The Light of Justification by Faith Alone
Epiphany Sermon for 2006| Rev. Rolf Preus| Romans 3:23-31
They came from the East. They traveled many hundreds of miles. It must have taken months. They were not Jews, but they came to worship a Jew. They came in search of the King of the Jews. While Herod saw the newborn King of the Jews as a threat, He was not threat. He did not come into this world to take away anyone’s political power. He came rather to take away sin. And since it was not only the Jews, but all people who were sinful, He came to take away the sin of the world.
“For all have sinned and fall short of the glory of God.”
This is the bitter truth that must be faced before there can be any worthy worship. We come to Jesus to cry out for forgiveness because that’s what we need. God doesn’t need anything from us. We need everything from Him.
“Being justified freely by His grace through the redemption that is in Christ Jesus.”
Who are they that are “justified freely by His grace”? It is those who have sinned and fallen short of God’s glory. All have sinned. All are justified freely by His grace. God says to all sinners that it is by His unmerited love that they are forgiven. To be justified means to be forgiven. When sins are forgiven the sinner becomes just or righteous. God doesn’t justify sinners by requiring the sinners to make themselves righteous. They cannot do so. Every attempt to make oneself righteous simply compounds the sin and makes it worse. Nothing is more offensive to the holy God than a sinner who is self-righteous. Sinners can no more make themselves righteous than bathing in filth can make one clean.

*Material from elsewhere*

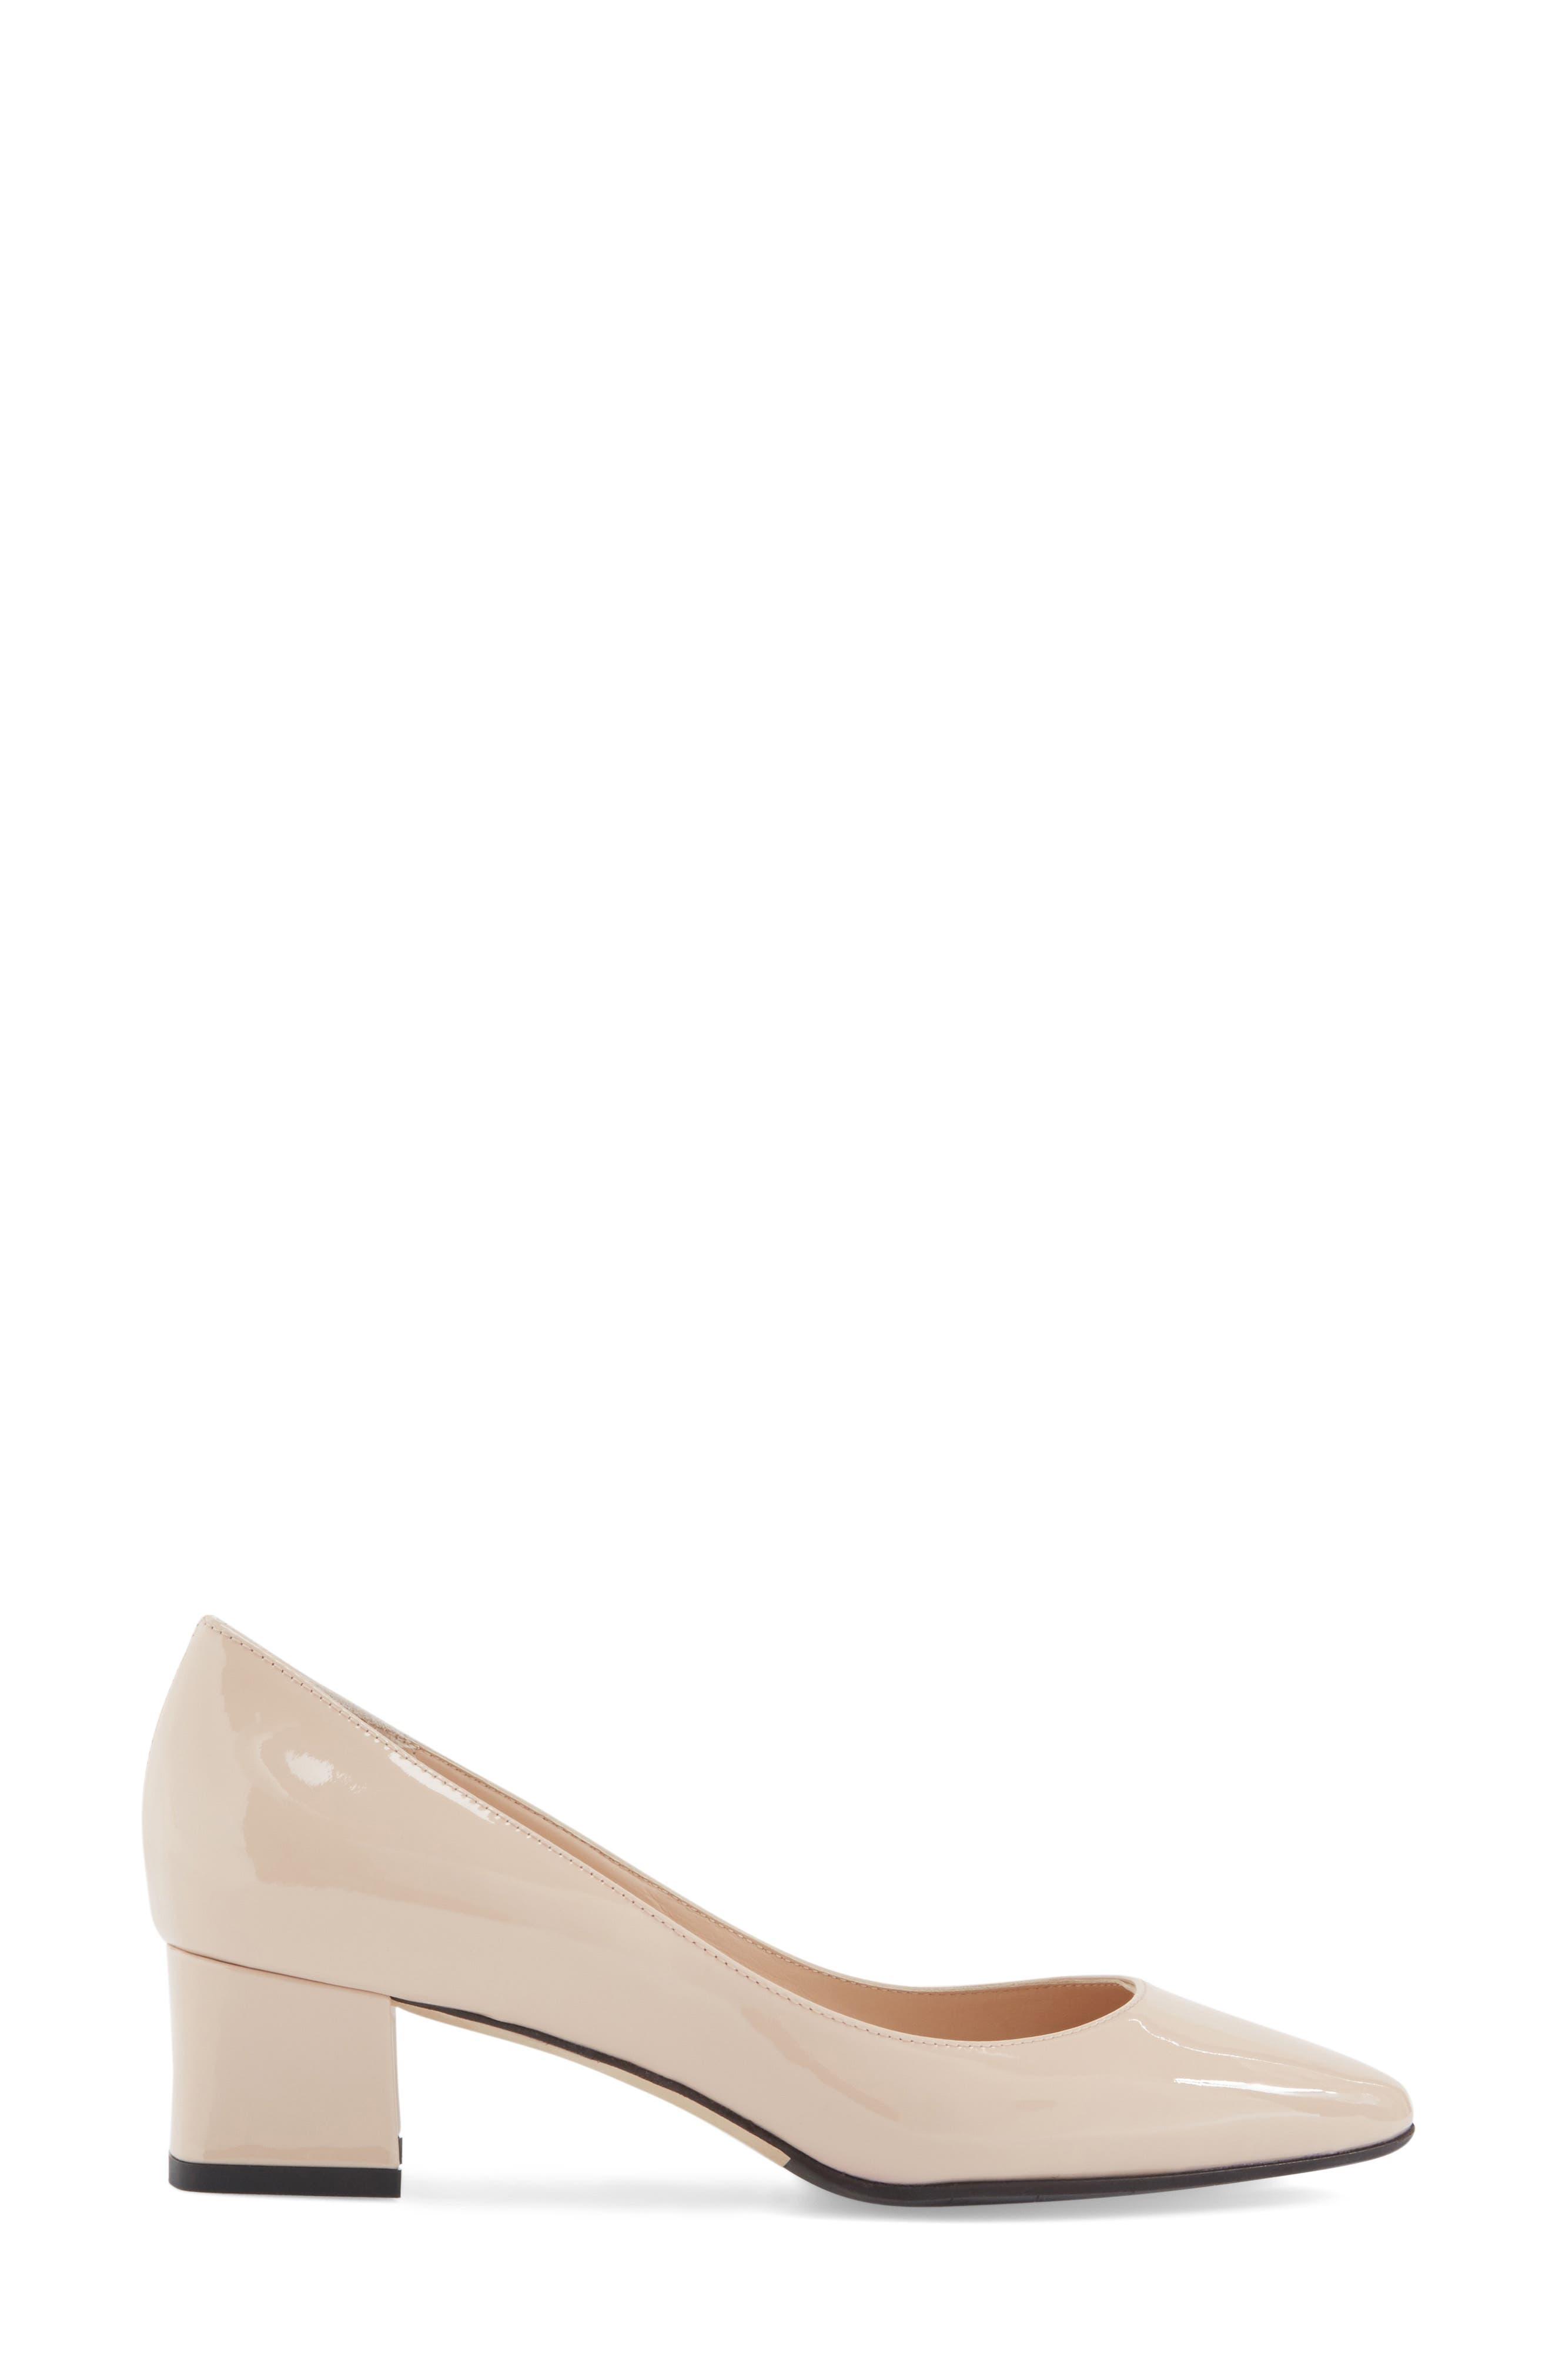 'Pheobe' Weatherproof Almond Toe Pump,                             Alternate thumbnail 109, color,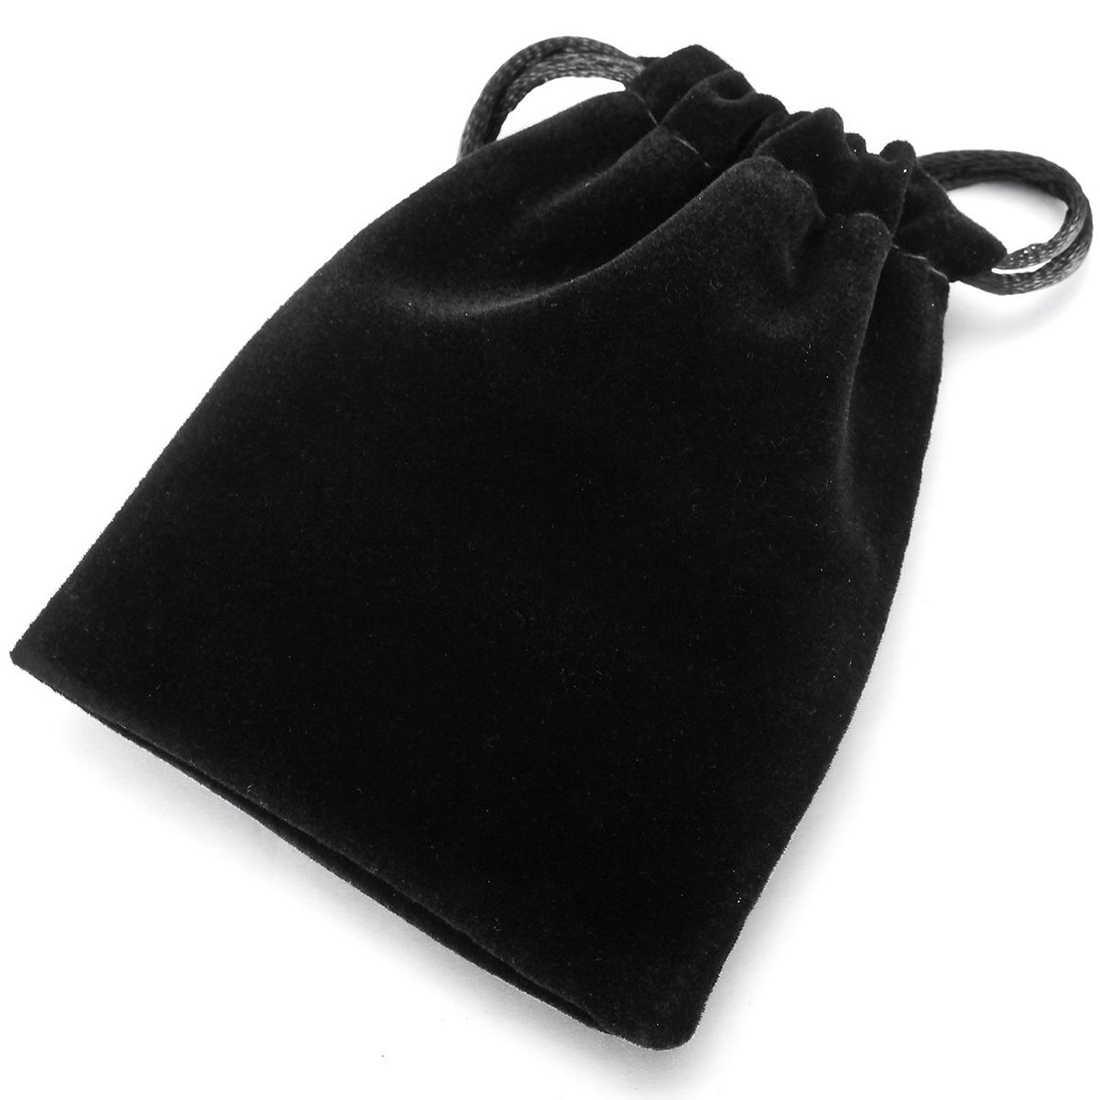 Legering Hanger Ketting Hanger Black Silver Cross Dog Tag plaat Leger Stijl Gepolijst 23 Inch Ketting Ketting Man

“Being justified freely by His grace through the redemption that is in Christ Jesus.” We are justified by Christ’s redemption. He intervened and He obeyed the law in our stead. He paid the debt of obedience to the law that we owed. He set us free by paying the ransom price. That ransom price was His obedience all the way to death. But it was not enough that He should obey the law that we failed to obey. He also had to suffer the full penalty for our disobedience.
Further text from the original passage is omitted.